Voila! You have your first successful prompting interaction with the API of a large language model!

## Working with multiple prompts
Next, we are going beyond a single prompt. Instead, we will work with **multiple prompts** at the same time!

Run a for loop through all the 10 conversations.

In [None]:
# initialize output list
responses <- list()

for (i in 1:10) {
  # extract current conversation and id
  current_convo <- df |> slice(i) |> pull("conversation")
  current_id    <- df |> slice(i) |> pull("id")

  # get response from llm
  response <- call_openai_api(
    system_prompt = system_prompt,
    user_prompt   = current_convo
  )

  # assign to output list
  responses[[current_id]] <- response

  # report progress (does not work well in colab)
  message(sprintf("%d/10 completed", i))
}

Let's inspect the responses!

In [None]:
cat(responses[[2]])

## Using structured output with a single prompt

To force the LLM to produce outputs in formats specified by you, you need to use the `$extract_data()` method instead of the `$chat` method.

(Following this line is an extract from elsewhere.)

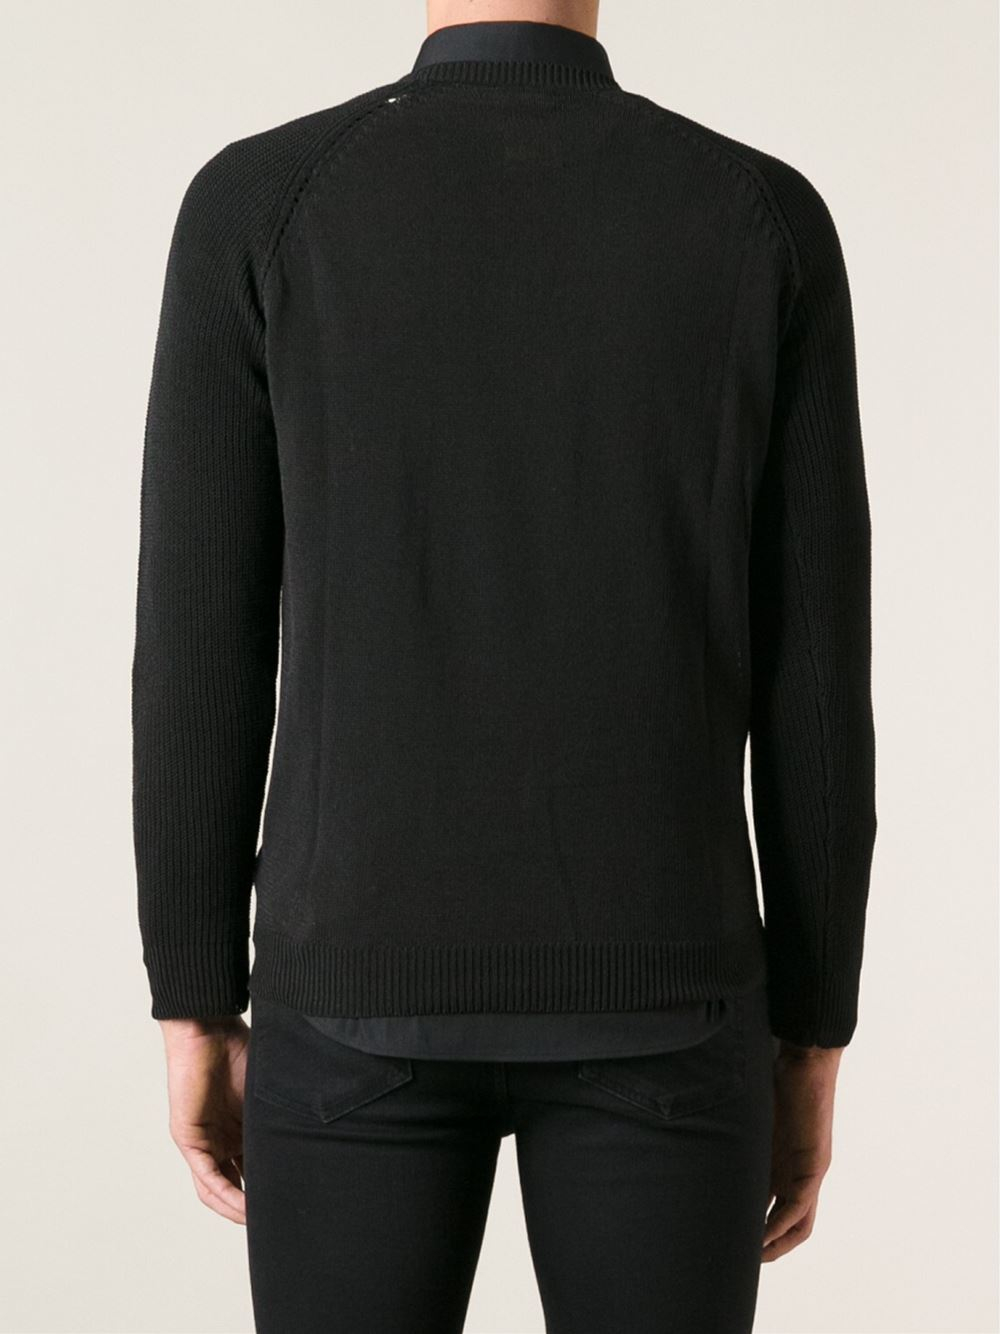 Lyst - DIESEL Sheer Woven Sweater in Black for Men
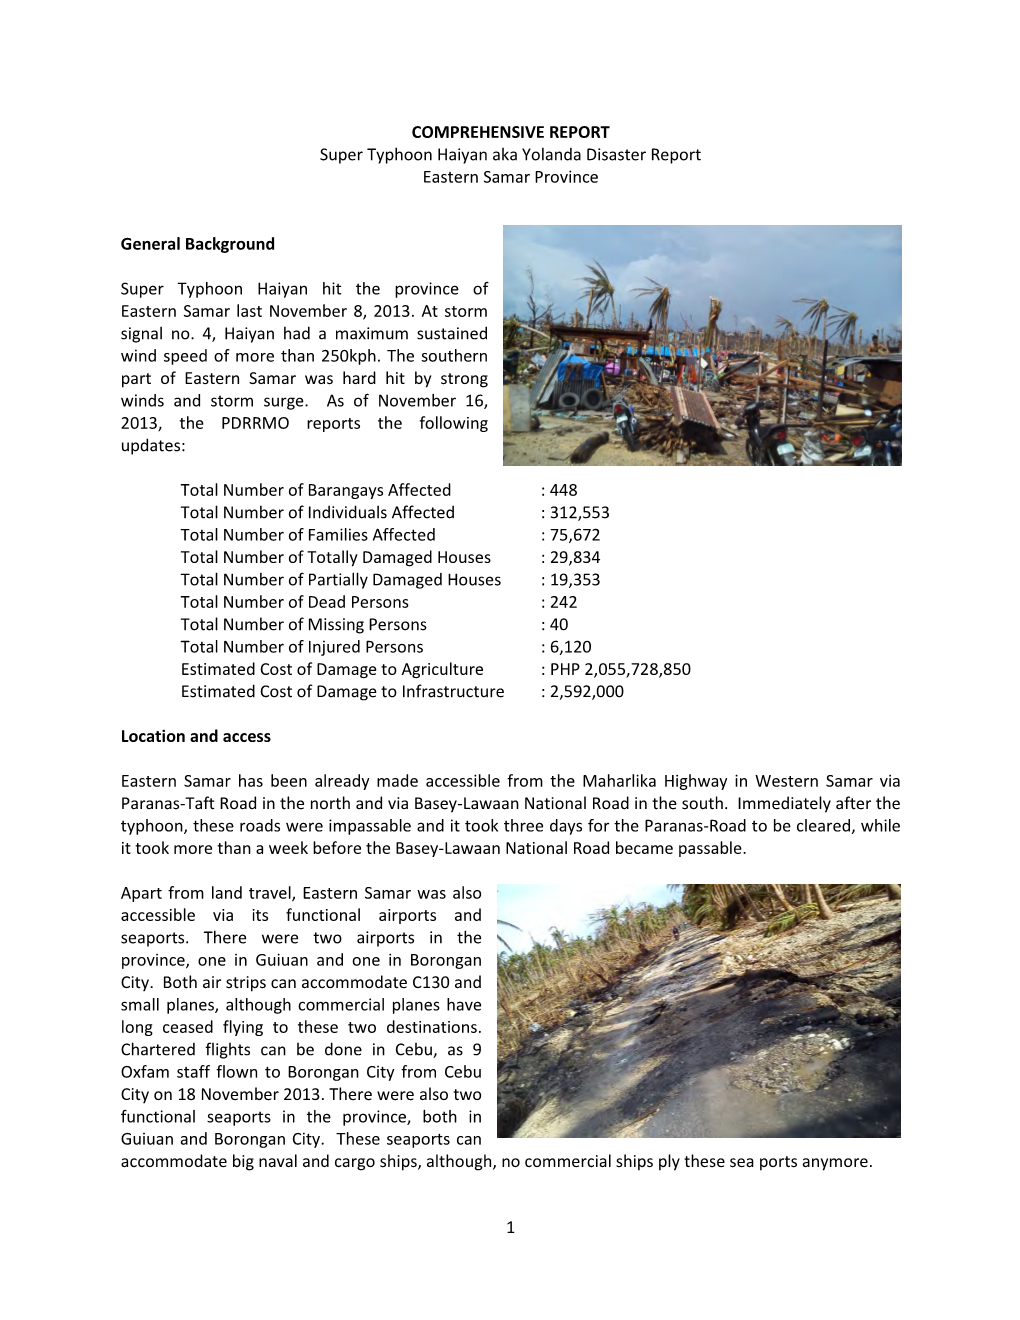 COMPREHENSIVE REPORT Super Typhoon Haiyan Aka Yolanda Disaster Report Eastern Samar Province

Below, we define our desired output format as:
- "reasoning": a string that provides the model's reasoning.
- "specificity_score": an integer (either 0, 1 or 2) reflecting the specificity of a conversation.

In [None]:
output_structure <- type_object(
  specificity_score = type_integer("The specificity score of the entire conversation on a scale of 0, 1 and 2."),
  reasoning = type_string("Your reasoning process.")
)

call_openai_api_structured <- function(system_prompt, user_prompt) {
  chat <- chat_openai(
    model = "gpt-4o-mini",
    system_prompt = system_prompt,
    api_args = list(temperature = 0,
                    max_tokens = 1000,
                    seed = 42),
    echo = "none" #suppress the output from being printed
  )
  response <- chat$chat_structured(user_prompt, type = output_structure)
  return(response)
}

Try with a single prompt request.

In [None]:
structured_response = call_openai_api_structured(system_prompt, df[["conversation"]][1])
print(structured_response)

## Using structured output with muitiple prompts

Being able to work with multiple prompts at the same time and obtain structured output will save you a substantial amount of time in research projects!

In [None]:
structured_responses <- list()
for (i in 1:10) {
  # extract current conversation and id
  current_convo <- df |> slice(i) |> pull("conversation")
  current_id    <- df |> slice(i) |> pull("id")

  # get response from llm
  response <- call_openai_api_structured(
    system_prompt = system_prompt,
    user_prompt   = current_convo
  )

  # assign to output list
  structured_responses[[current_id]] <- response

  # report progress (does not work well in colab)
  message(sprintf("%d/10 completed", i))
}

Turn the structured responses into a data frame and show it.

In [None]:
# use map_dfr from purrr package to turn list into dataframe
response_df <- map_dfr(structured_responses, I, .id = "id")
response_df

## Check annotation quality

The `kripp.alpha()` function from the `irr` package can be used to calculate agreement (i.e., Krippendorff's Alpha) of specificity scores between two raters (e.g., LLMs and human experts).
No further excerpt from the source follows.